A two-week quarantine would therefore leave less than a week until the planned start of the Australian Open on January 18.

It had been expected that players would be allowed to train during that fortnight but not compete in tournaments, a stance that Djokovic is hoping will be relaxed.

The reigning champion said: "I'm planning to play Australian Open for sure. I would like to go there and I'm ready to quarantine for two weeks and whatever is necessary for me to be able to play.

"I hope that there is going to be support and understanding from the Victorian and Australian government for the players and for Tennis Australia and that they will allow players to compete in the second week of quarantine.

"Hopefully that's going to help tremendously with the calendar and everything, and you won't be then losing a week.

"You will be able to have at least a tournament or two prior to the Australian Open, which for the majority of the players is important."
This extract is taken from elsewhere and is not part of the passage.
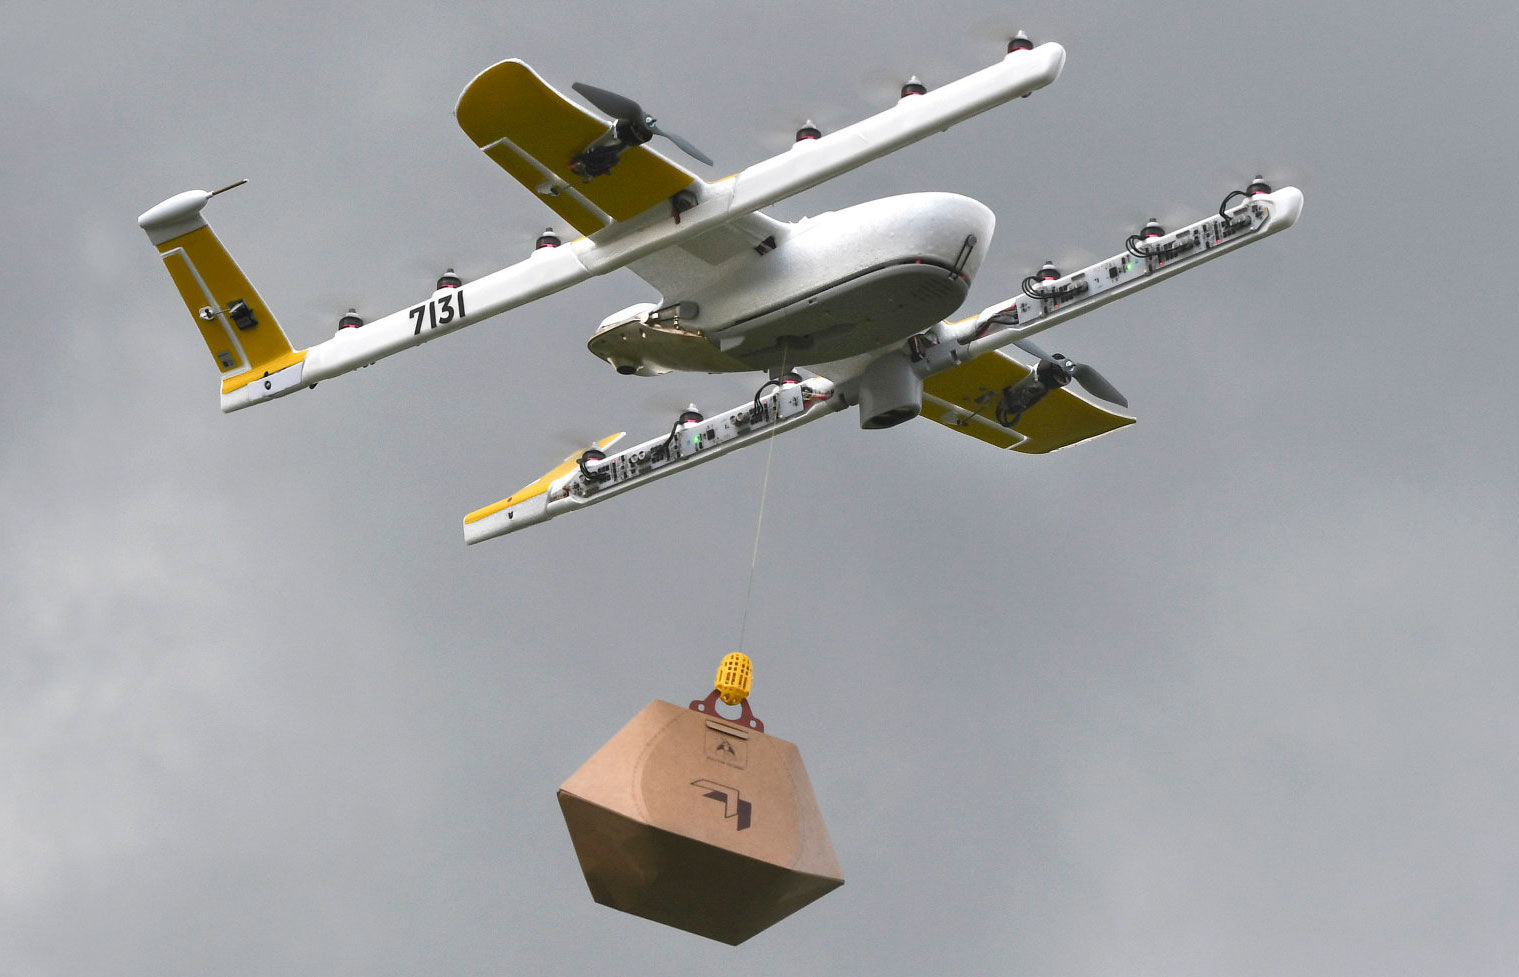 Alphabet 旗下公司 Wing 取得美國首個無人機配送服務許可
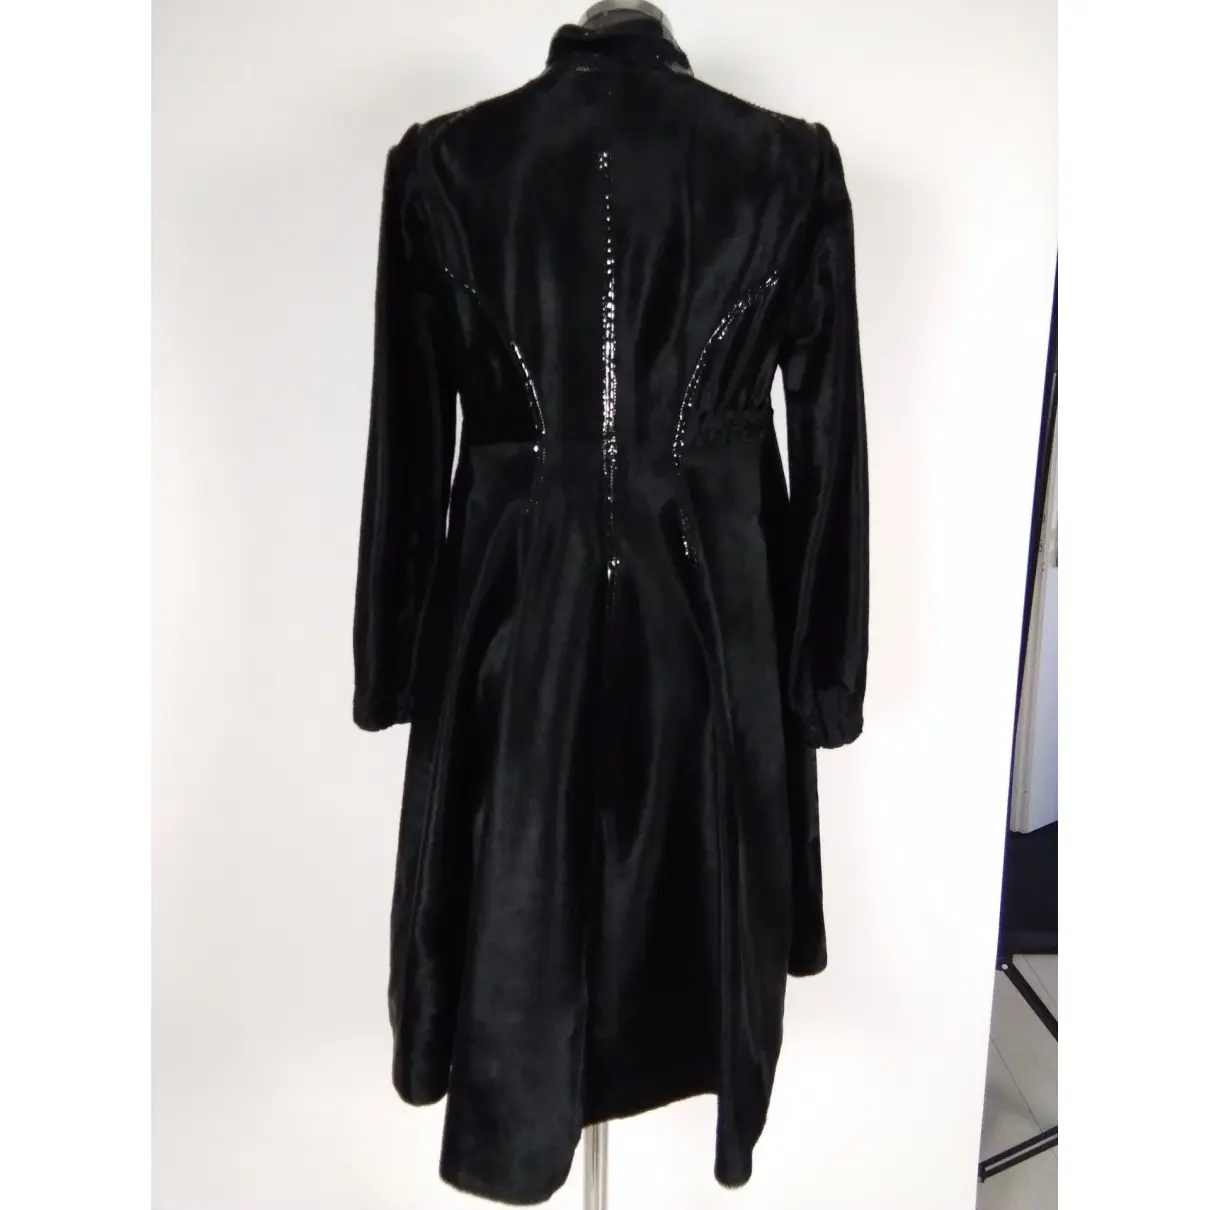 Yves Saint Laurent Leather coat for sale - Vintage

Zverev understands Australia’s caution

World No.7 Alexander Zverev said: "If we can't even practice for 14 days and then we have to go out and play the Australian Open, it's a lottery.

"I hope we do find a way to be able to play one or two weeks before the Australian Open but in general I just hope the Australian Open happens because right now everything is so unsure.

"Credit to Tennis Australia and to Craig Tiley, I think they're trying the best they can. I think the Australian government is being very cautious.

"If 3000 people all of a sudden arrive in Australia, there will be cases, there is no about it."